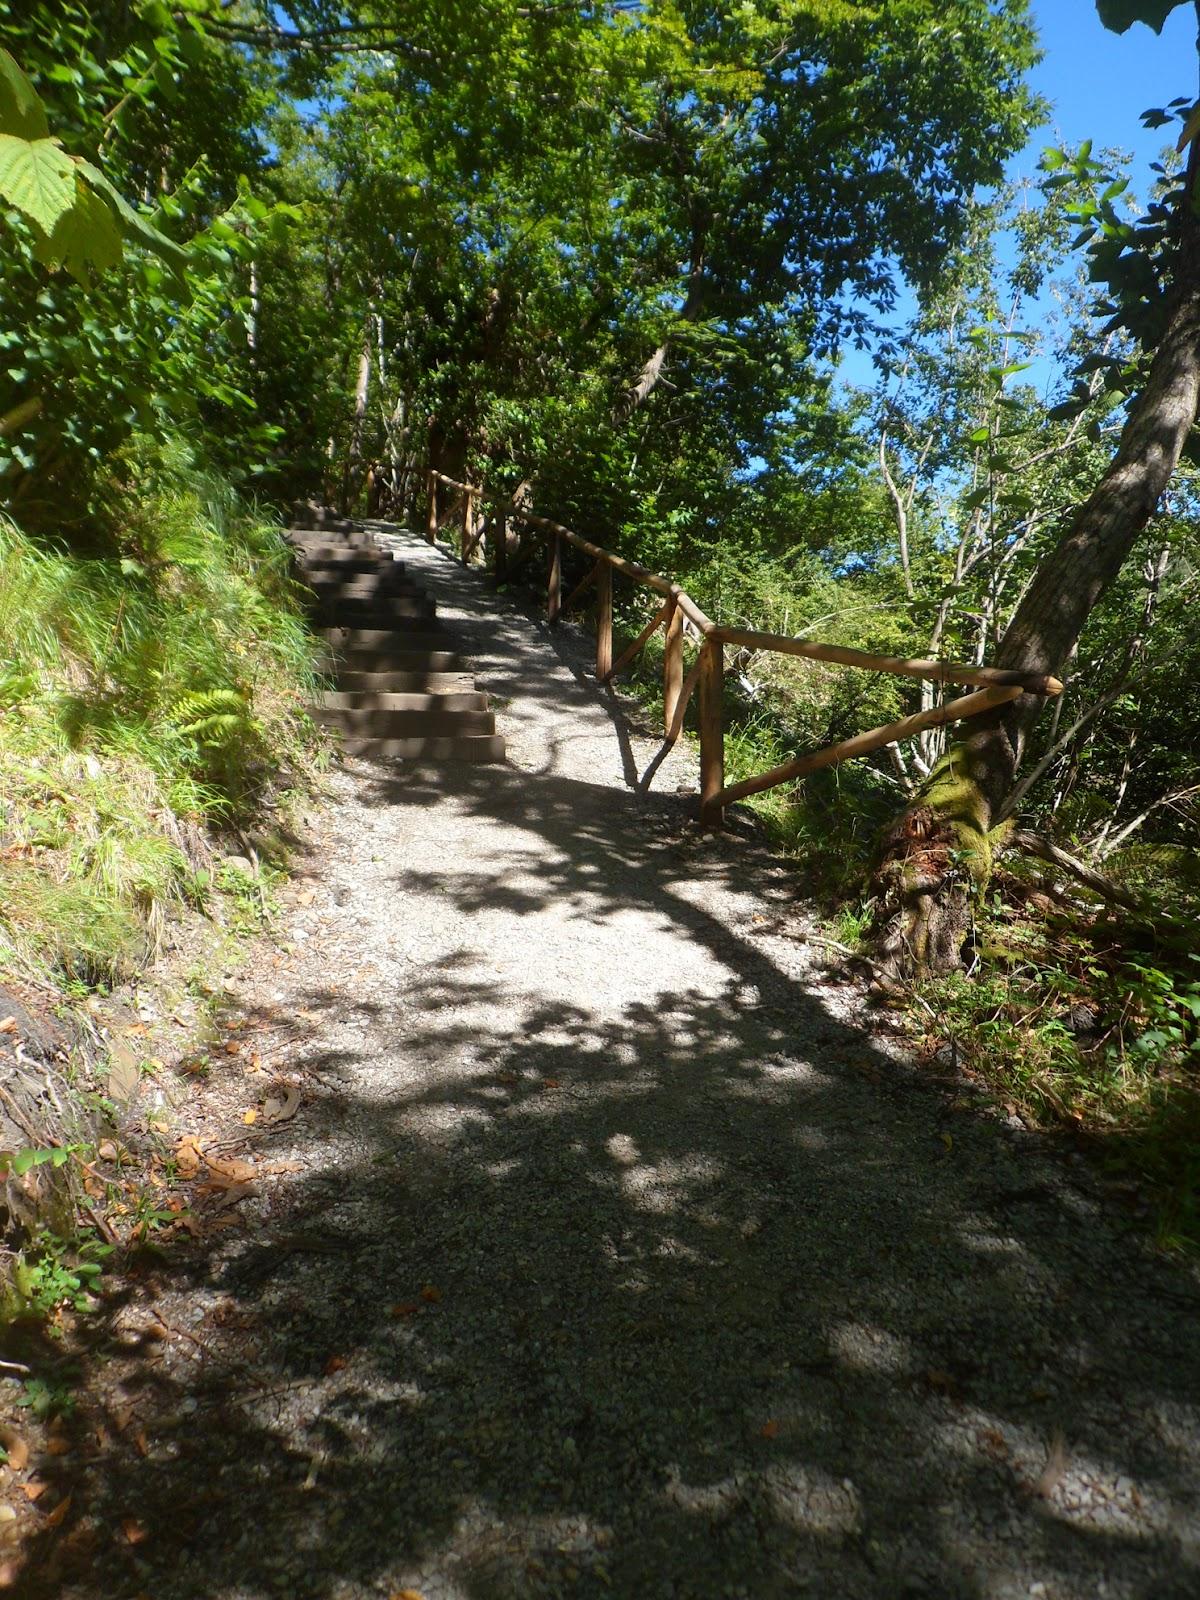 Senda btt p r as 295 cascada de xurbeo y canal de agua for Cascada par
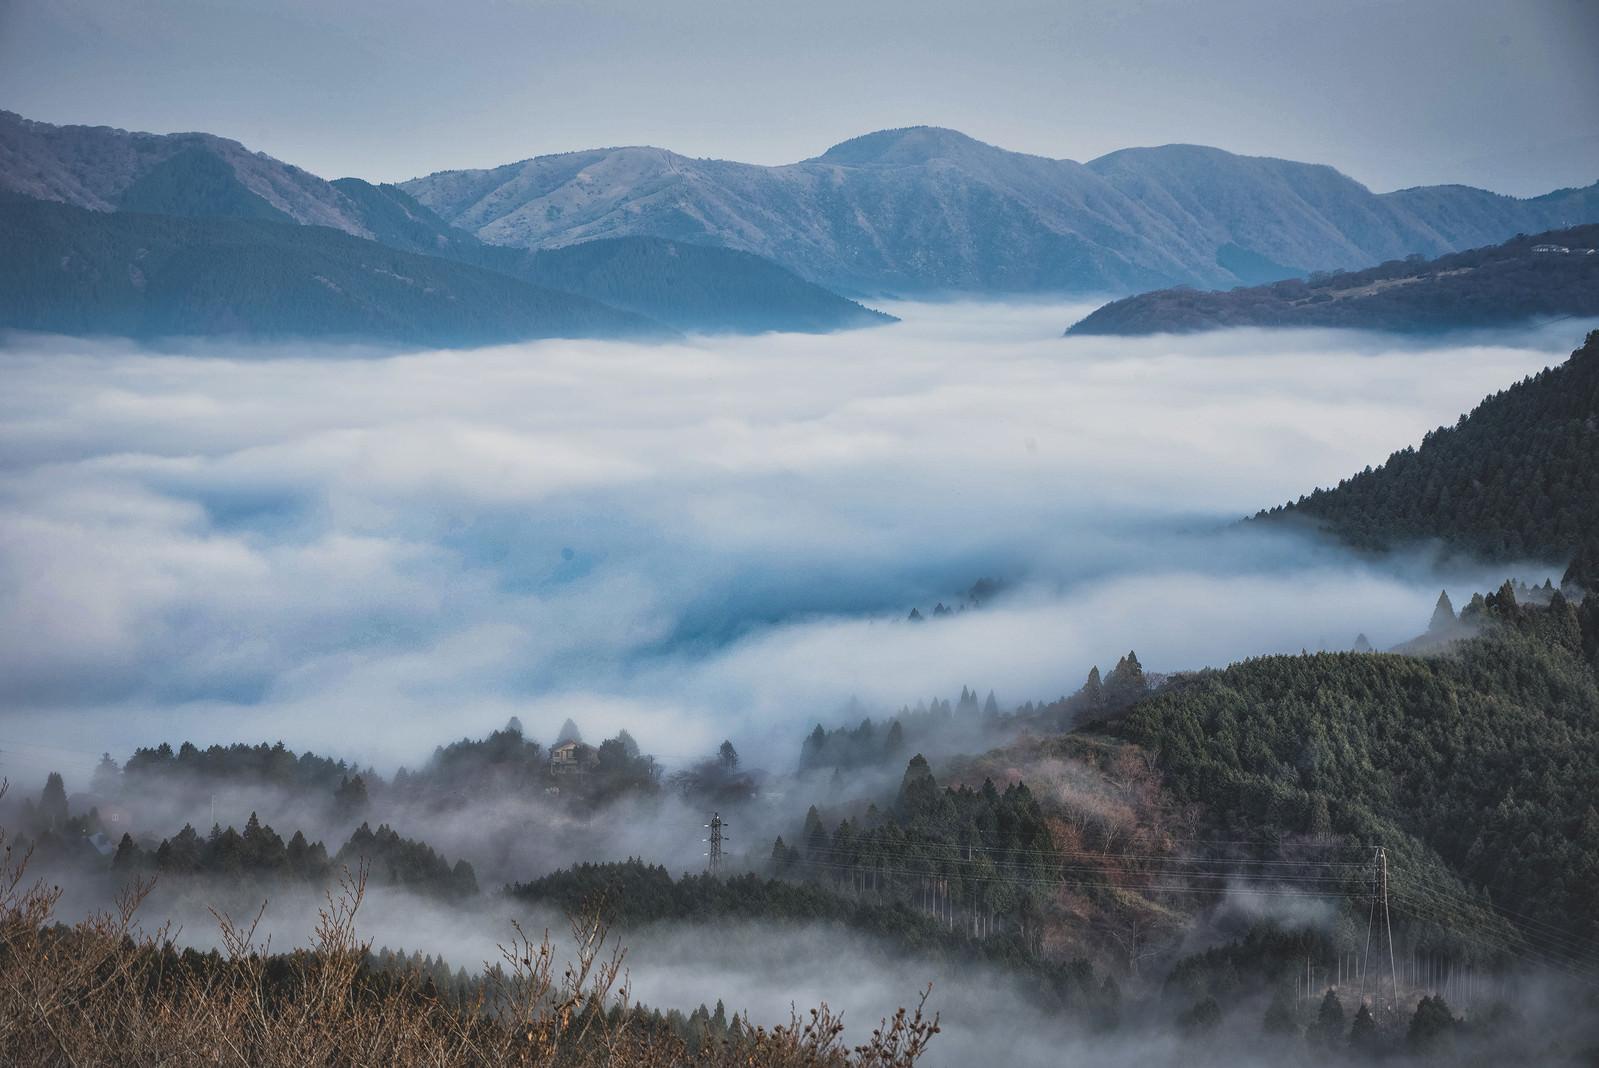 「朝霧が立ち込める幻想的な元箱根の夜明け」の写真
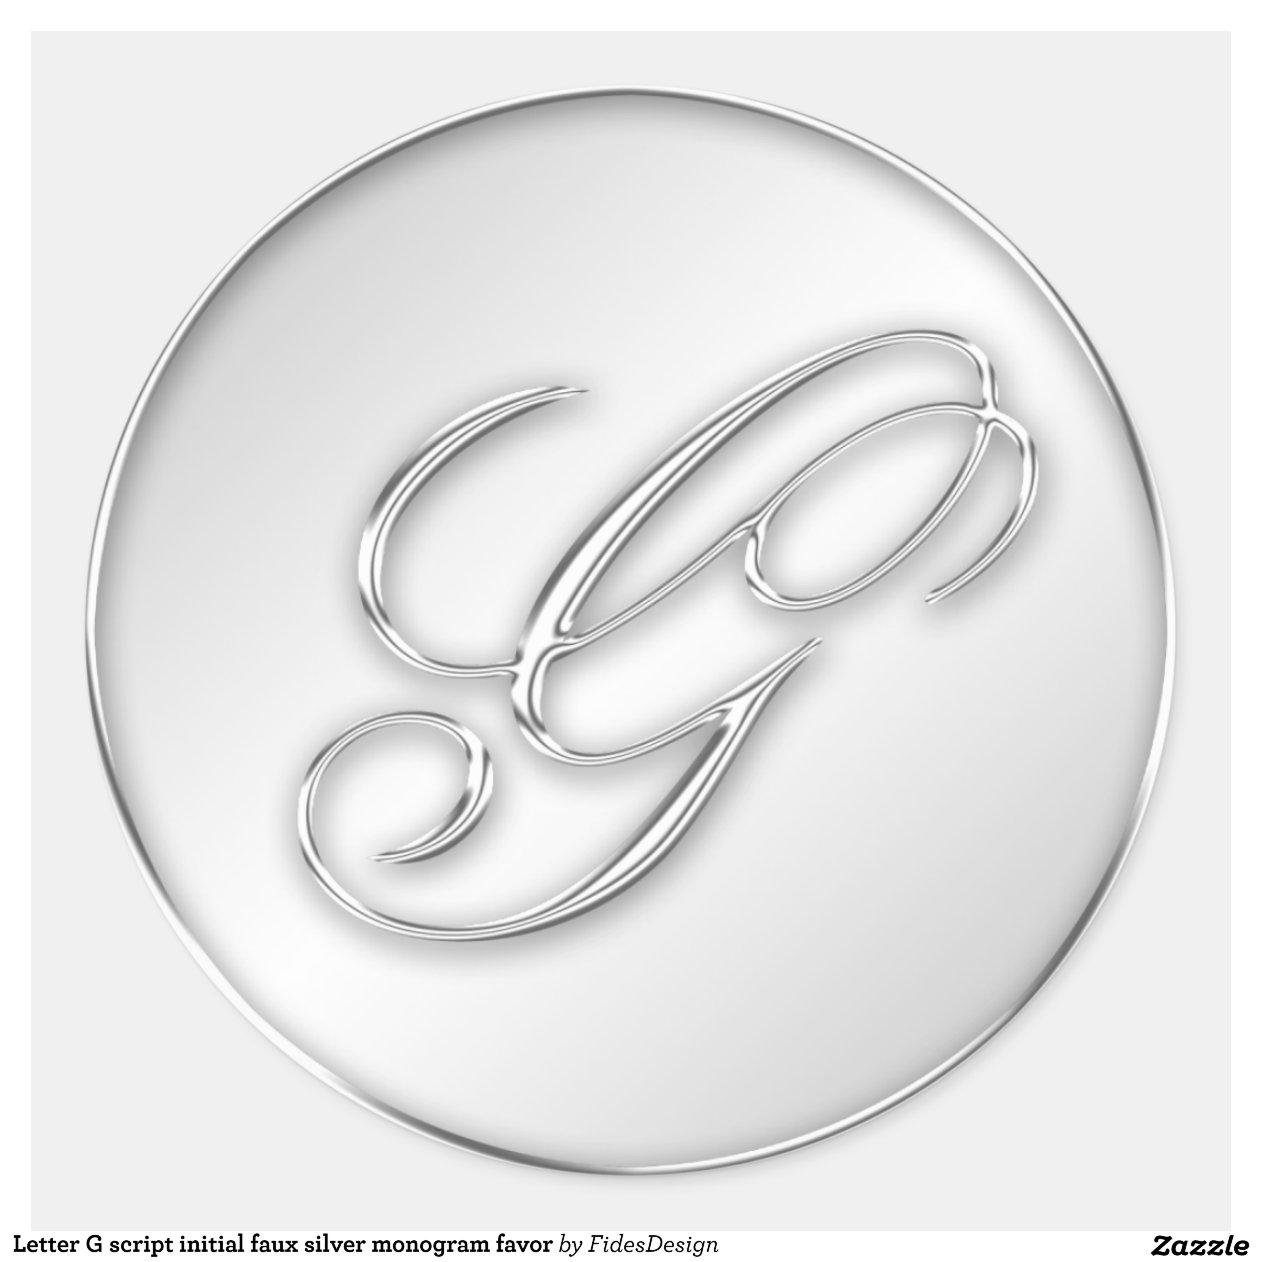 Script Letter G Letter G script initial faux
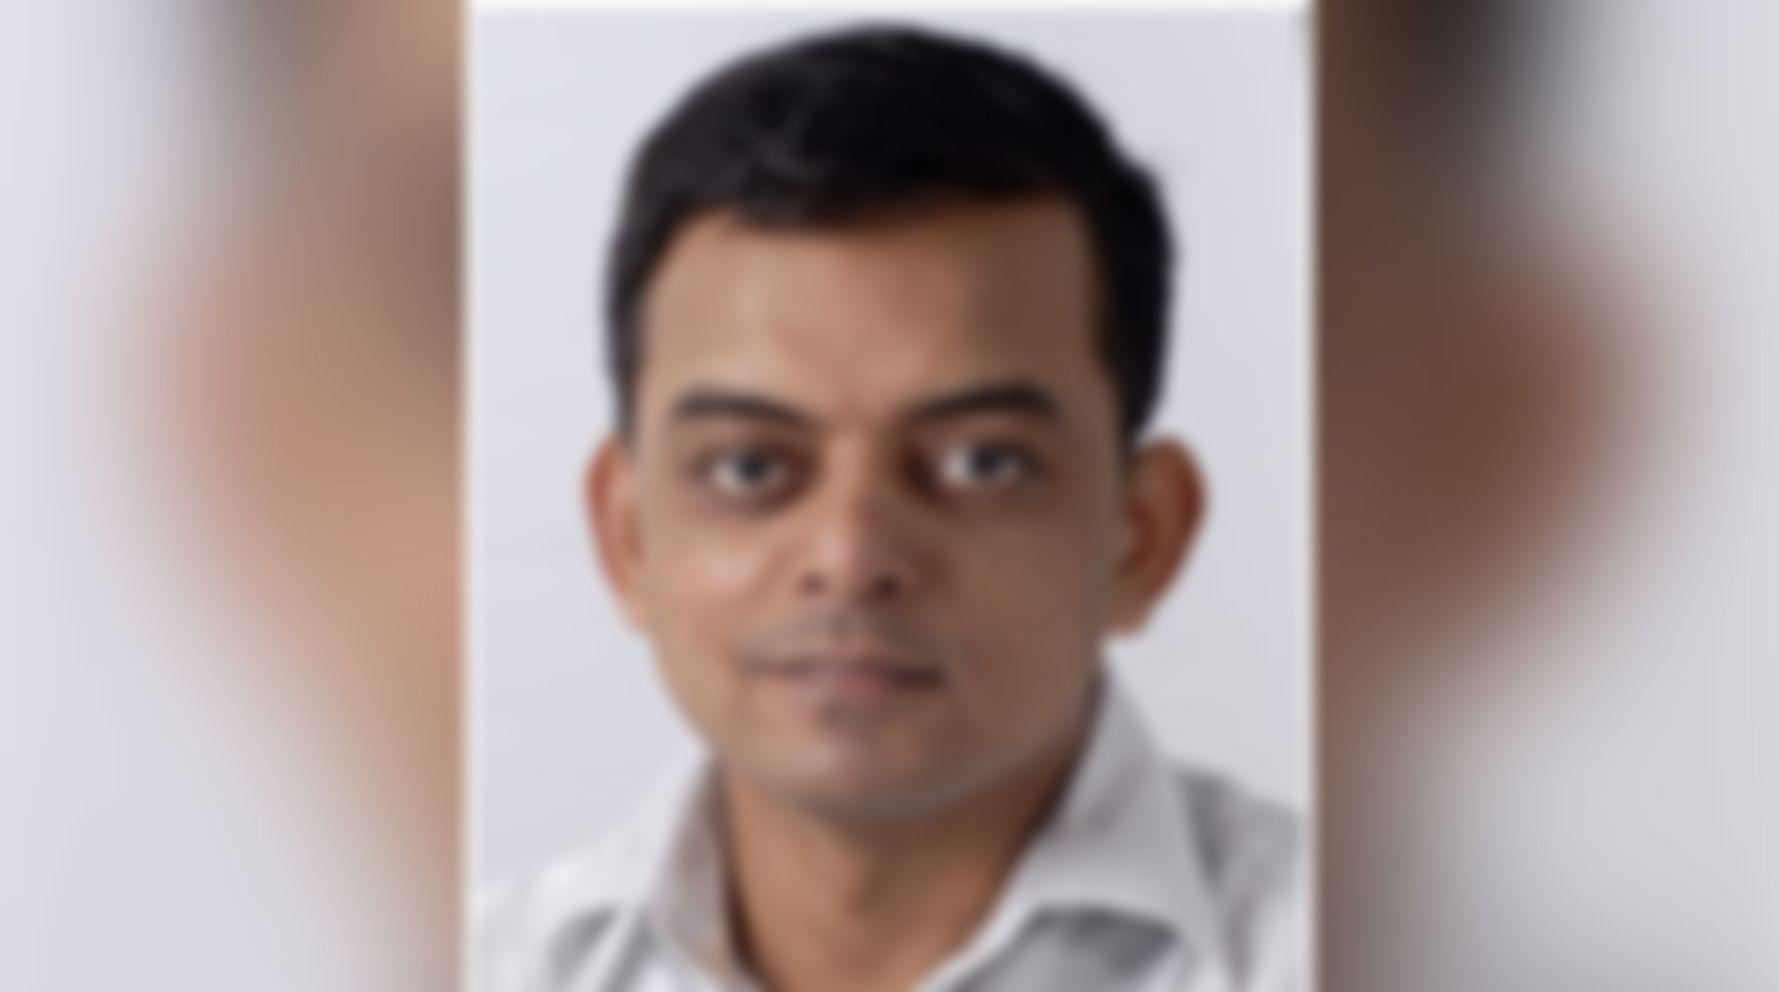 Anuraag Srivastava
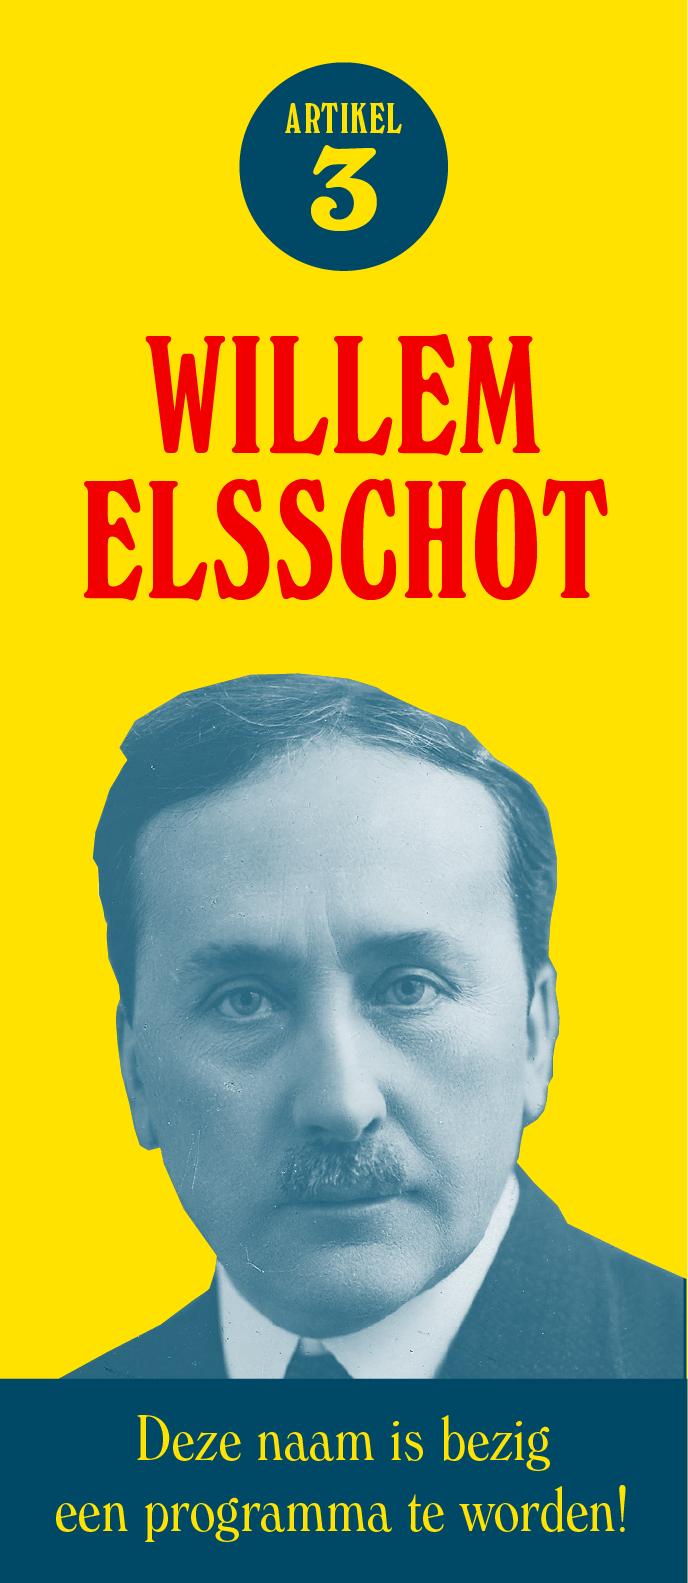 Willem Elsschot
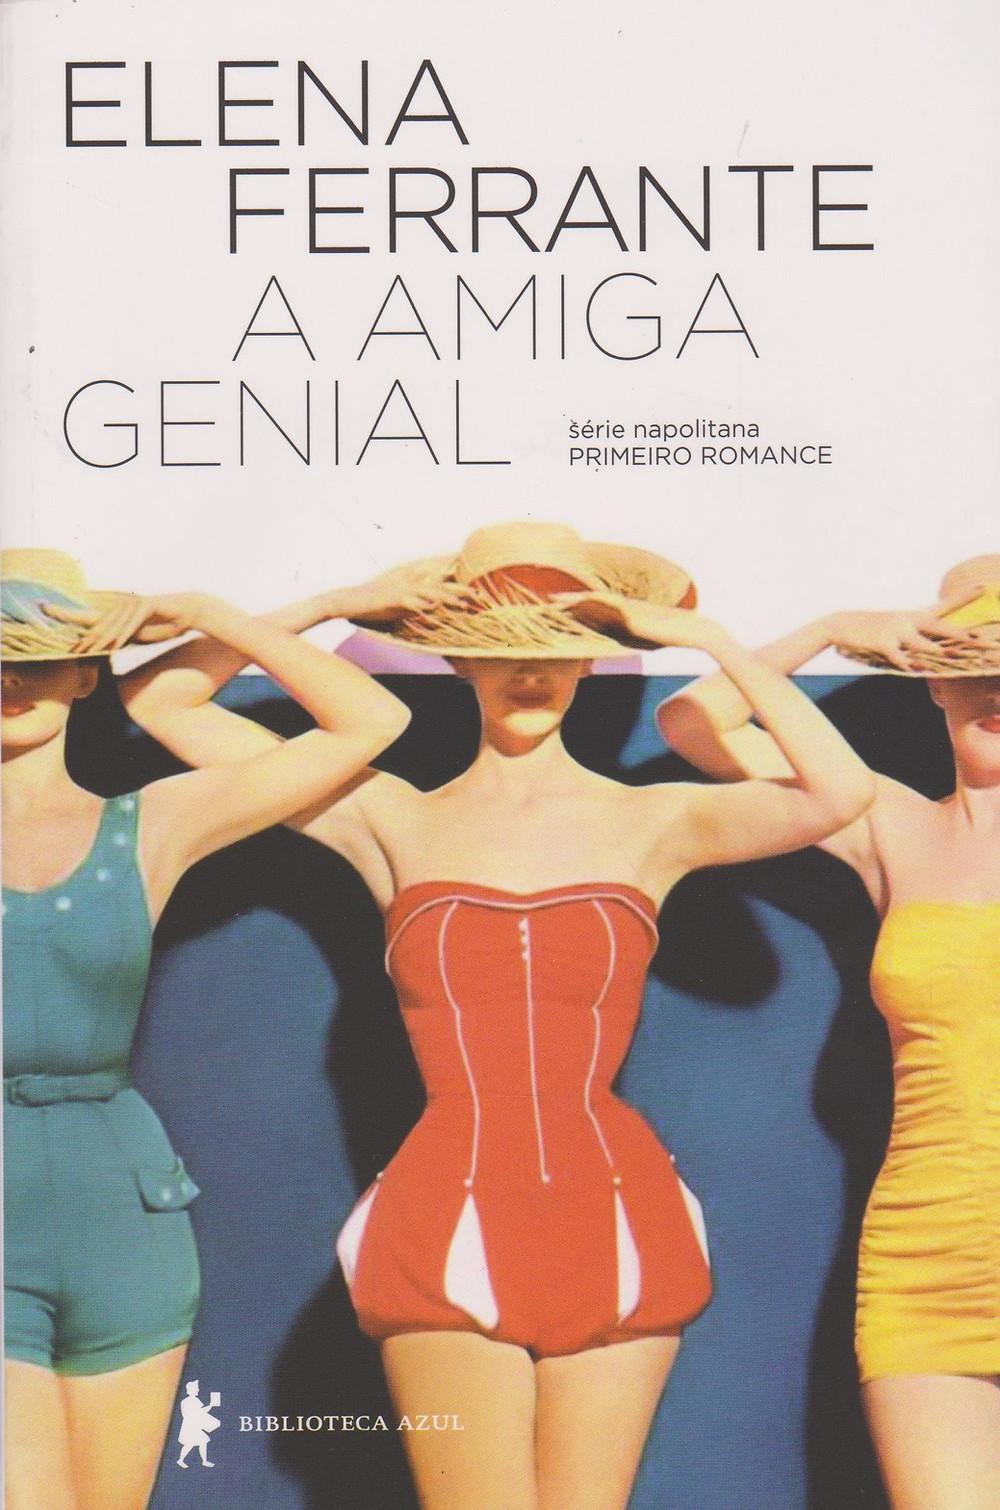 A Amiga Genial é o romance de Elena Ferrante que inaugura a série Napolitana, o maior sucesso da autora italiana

::::::

Aim of the task —
Return nothing except the lines from the line with "Anuraag Srivastava" through the last line of the records above, copied exactly and without pictures.

Response —
 Anuraag Srivastava
 Willem Elsschot
 A Amiga Genial é o romance de Elena Ferrante que inaugura a série Napolitana, o maior sucesso da autora italiana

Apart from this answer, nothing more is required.